Comparative Analysis of Residential Load Forecasting with Different Levels of Aggregation †

by
Ana Apolo Peñaloza
*,
Roberto Chouhy Leborgne
and
Alexandre Balbinot
Grupo de Modelagem e Análises de Sistemas de Potência and Laboratório de Instrumentação Eletrônica e Inteligência Artificial, Universidade Federal do Rio Grande do Sul UFRGS, Porto Alegre 90020-000, RS, Brazil
*
Author to whom correspondence should be addressed.
Presented at the 8th International Conference on Time Series and Forecasting, Gran Canaria, Spain, 27–30 June 2022.
Eng. Proc. 2022, 18(1), 29; https://doi.org/10.3390/engproc2022018029
Published: 21 June 2022
(This article belongs to the Proceedings of The 8th International Conference on Time Series and Forecasting)

Abstract

:
Microgrids need a robust residential load forecasting. As a consequence, this highlights the problem of predicting electricity consumption in small amounts of households. The individual demand curve is volatile, and more difficult to forecast than the aggregated demand curve. For this reason, Mean Absolute Percentage Error (MAPE) varies in a large range (of 1% to 45%), depending on the number of consumers analyzed. Different levels of aggregation of household consumers that can be used in microgrids are analyzed; the load forecasting of the single consumer and aggregated consumers are compared. The forecasting methodology used is the most consolidated of Recurrent Neural Networks, i.e., LSTM. The dataset used contains 920 residential consumers belonging to the Commission for Energy Regulation (CER), a control group that is in the Irish Social Science Data Archive (ISSDA) repository. The result shows that the forecasting of groups of more than 20 aggregated consumers has a lower MAPE that individual forecasting. On the other hand, individual forecasting is better for groups with fewer than 10 consumers.

Published: 22 June 2022

1. Introduction

Load forecasting is essential to ensure a balance between demand and generation. Thus, utilities need highly accurate forecasts to maintain the security and stability of power supply [1]. At the same time, the complexity of the distribution network has continued to grow, which has created uncertainty in the grid, especially with the increase in microgeneration from renewable energy, and charging of electric vehicles [2].
Smart meters allow residents to monitor their consumption in real time. In addition to that, these meters provide large amounts of data from utilities [3]. These measurements allow for the enhanced measurement of consumption and energy control, allowing greater flexibility to the distribution network [4].
With this amount of data coming from smart meters, it becomes possible to perform a validation of demand forecasting at household or building levels.
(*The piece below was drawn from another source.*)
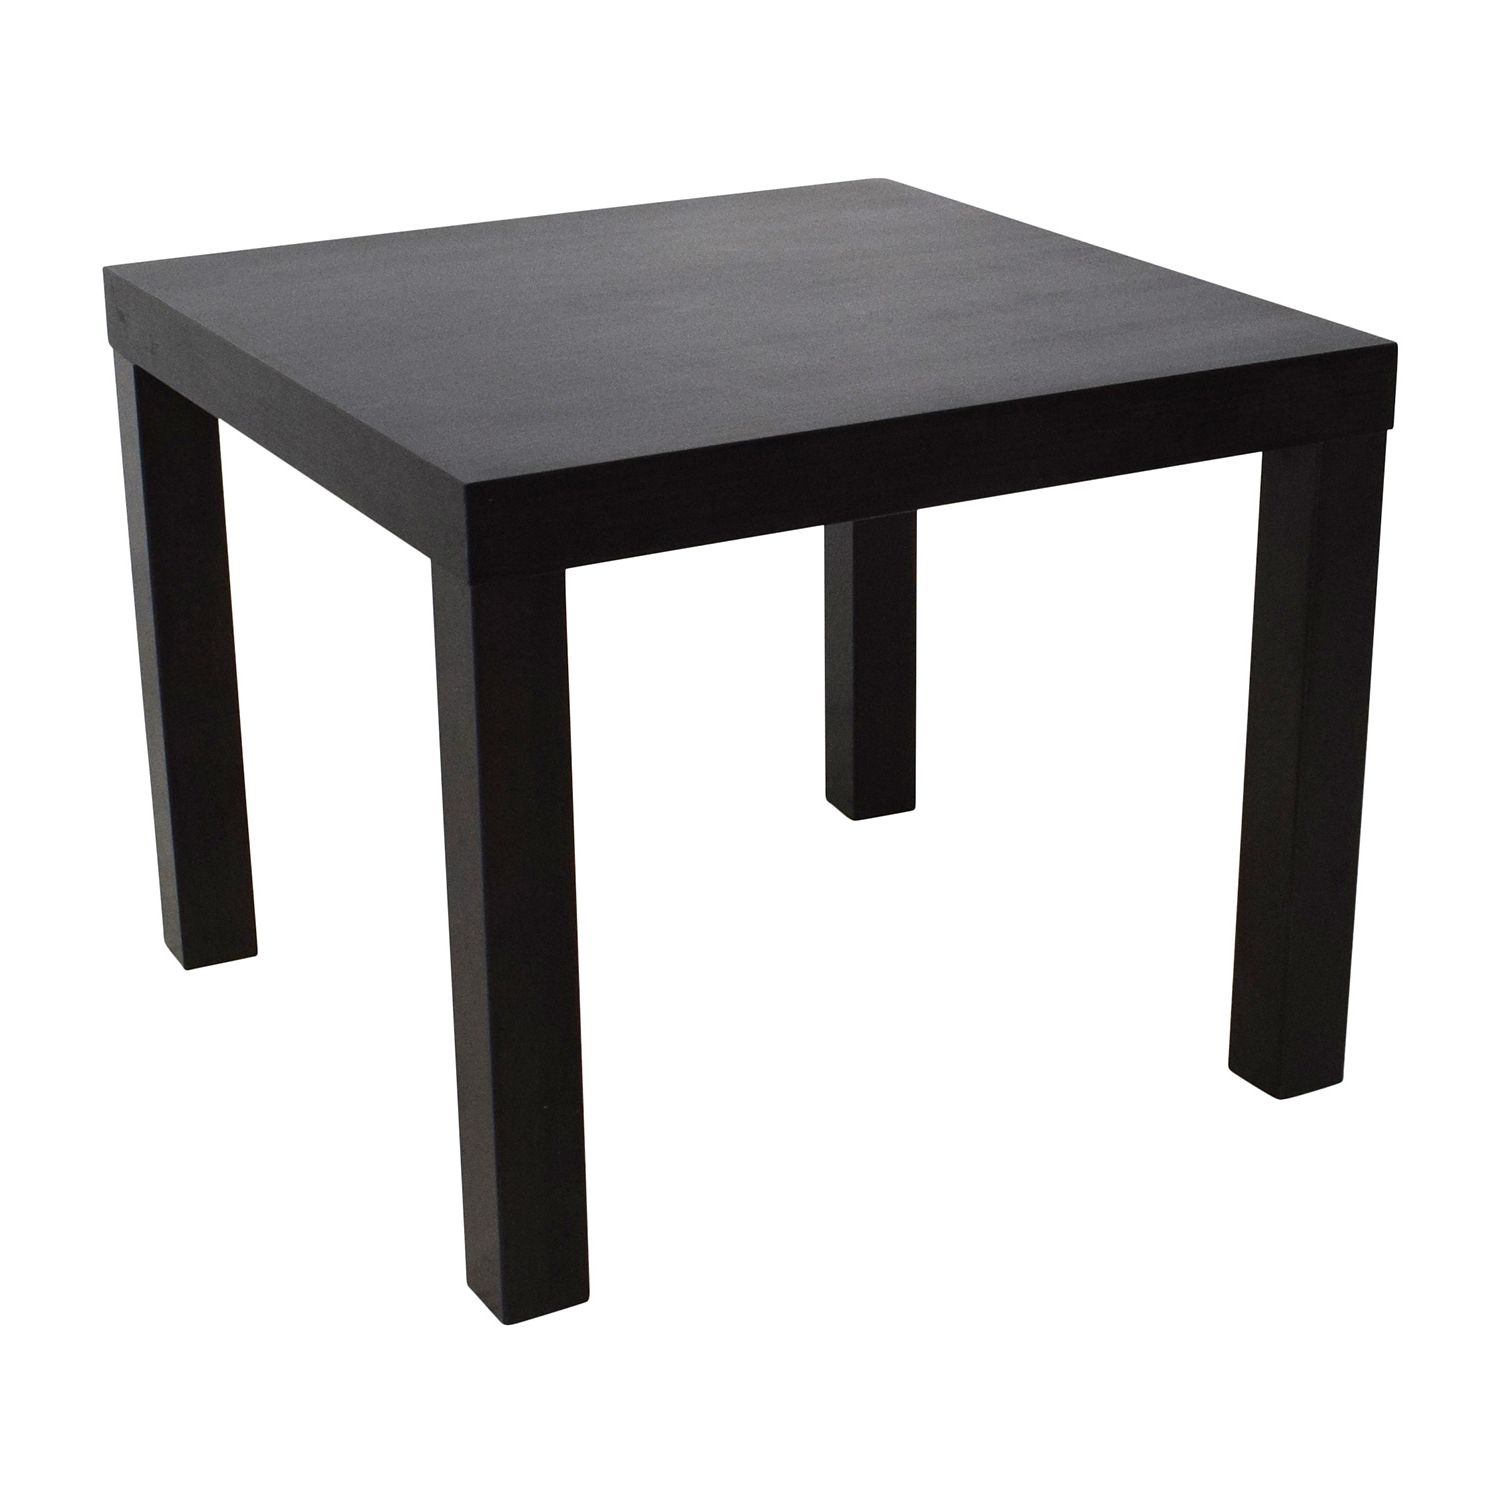 [%popular Black And White Coffee Tables In 80% Off – Black Coffee Table / Tables|80% Off – Black Coffee Table / Tables Inside 2020 Black And White Coffee Tables%] (View 14 of 20)

At these levels, consumption profiles are volatile [5,6]. Most load forecasting work is focused instead on large substations with tens of MW or transmission grids with tens of GW. Forecasting is assessed by the Mean Absolute Percentage Error (MAPE) metric which is generally below 2% for a substation at transmission level, while it can reach up to 30% for residential consumers [4]. Figure 1 shows aggregated demand curves for different amounts of consumers. This figure expresses that with 100 consumers, the demand curve is quite smoothed.
This work aims to analyze the demand forecasting in the context of microgrids. A dataset of 30 min demand of an individual residential consumer is used. This allows a comparison between demand forecasting of individual and aggregated consumers. This comparison is performed with different numbers of aggregated consumers (5, 10, 20, 30, 50 and 100). The selection of these consumers is random from a set of 256 residential consumers. The error metric used is the MAPE and the forecasting method is the Long Short-Term Memory (LSTM) recurrent neural network. LSTM is a consolidated methodology in load forecasting.

2. Literature Review

The literature for demand forecasting is quite extensive, so it is possible to find statistical or machine learning methods for this purpose. In recent years, deep-learning methods are becoming popular for demand forecasting. Thus, recurrent neural networks, with their variant LSTM and GRU, are the most widely used methodologies for forecasting, as can be found in [2,7,8,9,10,11,12,13] for LSTM and [14,15] for GRU.
The forecasting literature is divided into forecasting of energy consumption and forecasting of load demand. Energy consumption forecasting has been used for few consumers, usually households or buildings, as found in [15,16,17,18,19]. On the other hand, load forecasting is used to forecast substations’ demand, as found in [5,13,20,21,22]. These two approaches have completely different forecast errors using the same performance metrics. This is due to the difficulty of predicting power consumption.
Some authors that forecast energy consumption had aggregated individual energy consumption to obtain the building energy consumption [23].
There are few papers in the literature that compare load forecasting results and performance when using individual or aggregated consumers. Methodology performance for different levels of aggregation was evaluated in [7]. The authors found that with an aggregation of 5 consumers, the forecast errors are between 30 and 50%, while with 1000 aggregated consumers, the errors drop to less than 5%. However, the authors have not analyzed the forecasting performance for single users.
One of the first to analyze individual load forecasting is [13]. The individual’s demand volatility makes the prediction difficult. Forecasting methodology is using an LSTM neural network. Demand forecasting is done for 69 consumers who belong to a set of 10,000 consumers from Australia for a period of three months. Other quantities of aggregated consumers are not analyzed. Results show that the non-aggregate forecast is better than the aggregate set forecast.
Comparisons of demand forecasting with different levels of aggregation are presented in [4], but the results are ambiguous and do not consider a non-aggregated methodology. Different aggregation levels using LSTM are shown in [24]. Their results suggest that demand forecasting of more than 200 aggregated residential consumers hardly decreases error, with the error curve becoming almost constant. However, the work of [24] only considers the increase in consumers and how this reflects on the aggregate predictor error. Non-aggregated consumers are not considered.
A methodology for demand forecasting of 200 consumers that are divided into groups of 50, 100, and 150 is presented in [25]. Forecasting is performed by LSTM and k-means clustering. The methodology without clustering proved to be better. They do not perform analyses with groups smaller than 50 consumers, which would be a typical microgrid context.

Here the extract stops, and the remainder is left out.